Water providers in metropolitan Denver convened several task forces to help formulate a plan for the South Platte River from Eleven Mile Reservoir downstream to the confluence with the North Fork. The proponents of the plan believe that it will protect the outstandingly remarkable values of the river as well as designation as a Wild and Scenic River.
After many months of work, the plan was finalized in March. At the time of writing, only the draft plan was available. If the U. S. Forest Service agrees that the plan provides substantial protection, it will do a supplemental Environmental Impact Statement, which will be circulated for public comment. After considering the values of Wild and Scenic designation and the water providers protection plan, the U. S. Forest Service will make a final recommendation. This process could take as long as two years.
Some features of the River Protection Plan include:
Proposed management as a State Park from Eleven Mile to Chatfield
A non-profit organization with an endowment fund initiated with $1,000,000 from the water providers
Using interest from the endowment to fund project, but not maintenance
A regime of minimum water flows and ramping (gradually raising or lowering the releases from reservoirs) to protect fisheries
Anticipated increase in recreation activities including developed campgrounds, fisherman's access and boating in the mainstem and North Fork.
Denver Water Board would give up conditional water rights and agree not to build any dams in some sections.
Mt. Evans Sierra and South Platte Groups currently still support Wild and Scenic designation because the draft protection plan does not appear to give the same level of protection as designation would. Colorado Environmental Coalition and Upper Arkansas and South Platte Project have serious reservations about the level of protection.
Some of the issues raised about the water providers plan include:
Inadequate enforcement mechanisms to see that the agreement is carried out
Perception that many of the commitments of Denver Water do not apply to other metropolitan water providers.

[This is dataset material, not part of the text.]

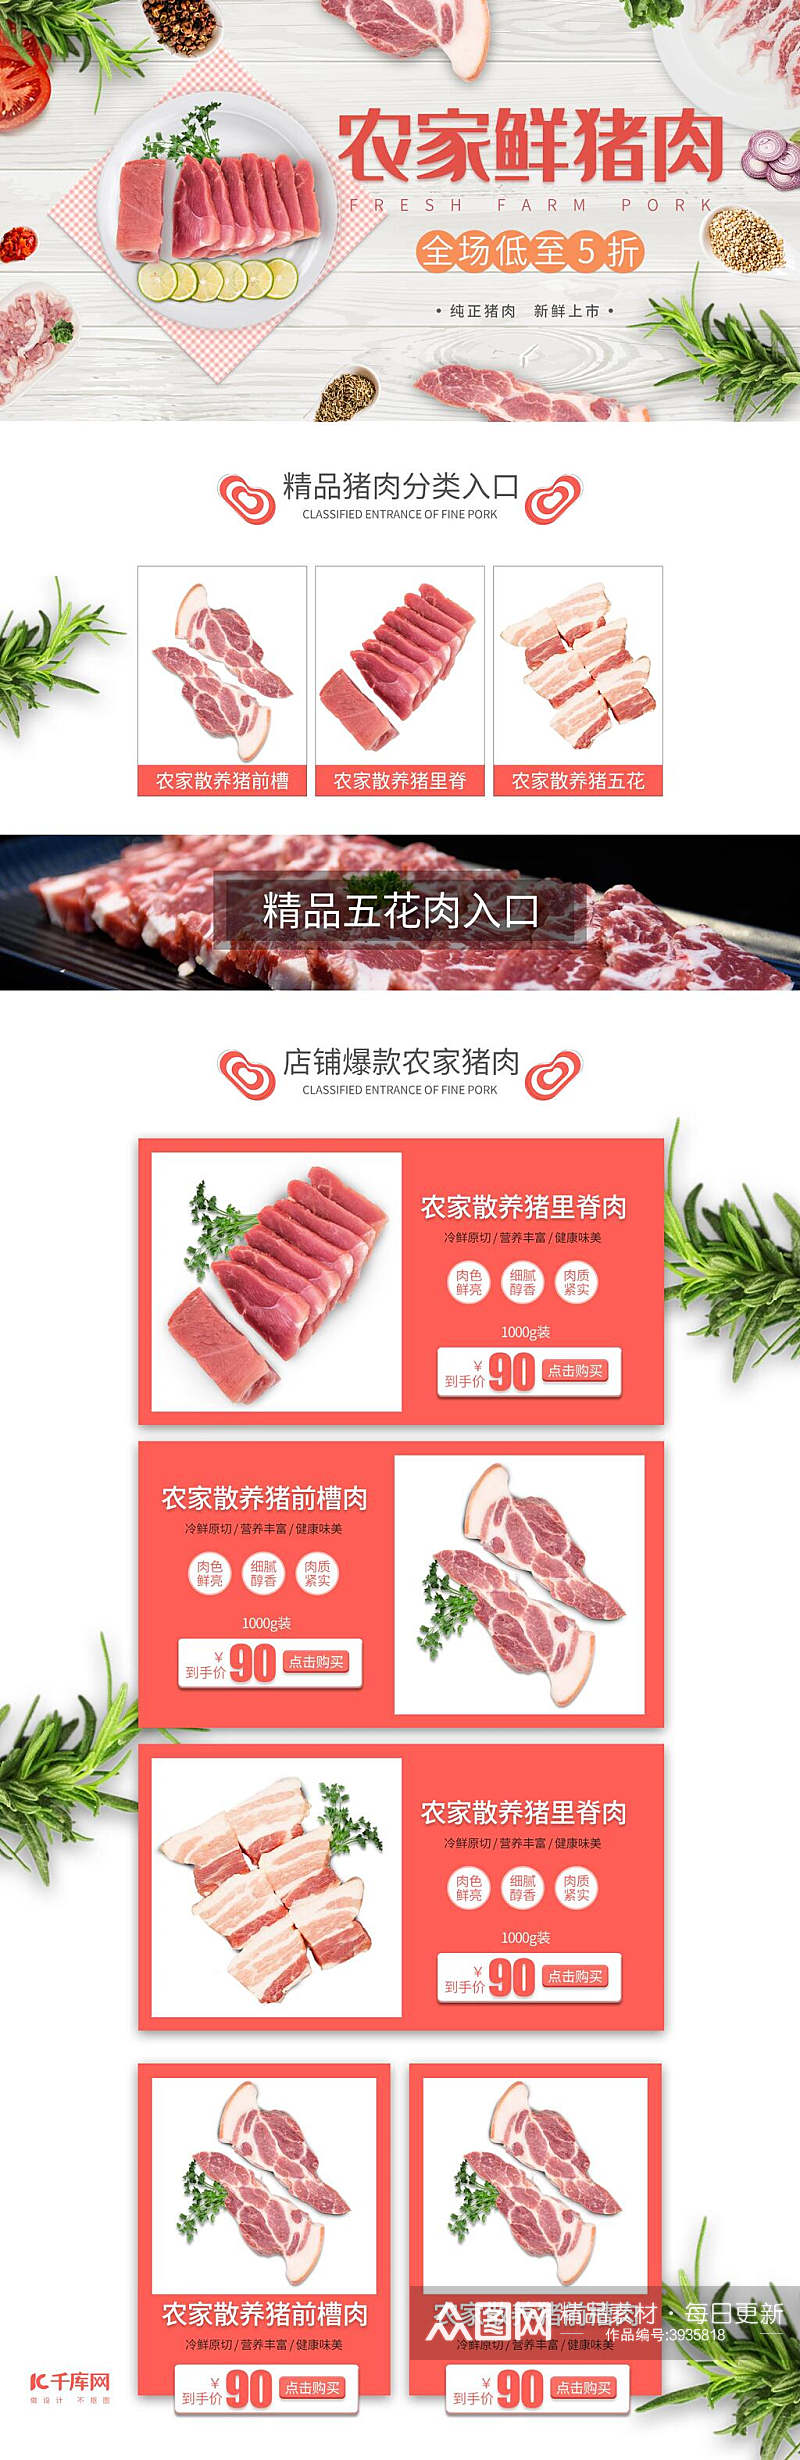 农家鲜猪肉促销活动电商首页素材

No details on how the area would be managed under State Parks.
Emphasis on recreation as opposed to habitat protection.
Possible dam construction on segments other than at Two Forks or on tributaries.
We have time to consider our response to this plan. When the final text is
available, a serious analysis will no doubt reveal a long list of pros and cons, and help
us make comments to the Forest Service.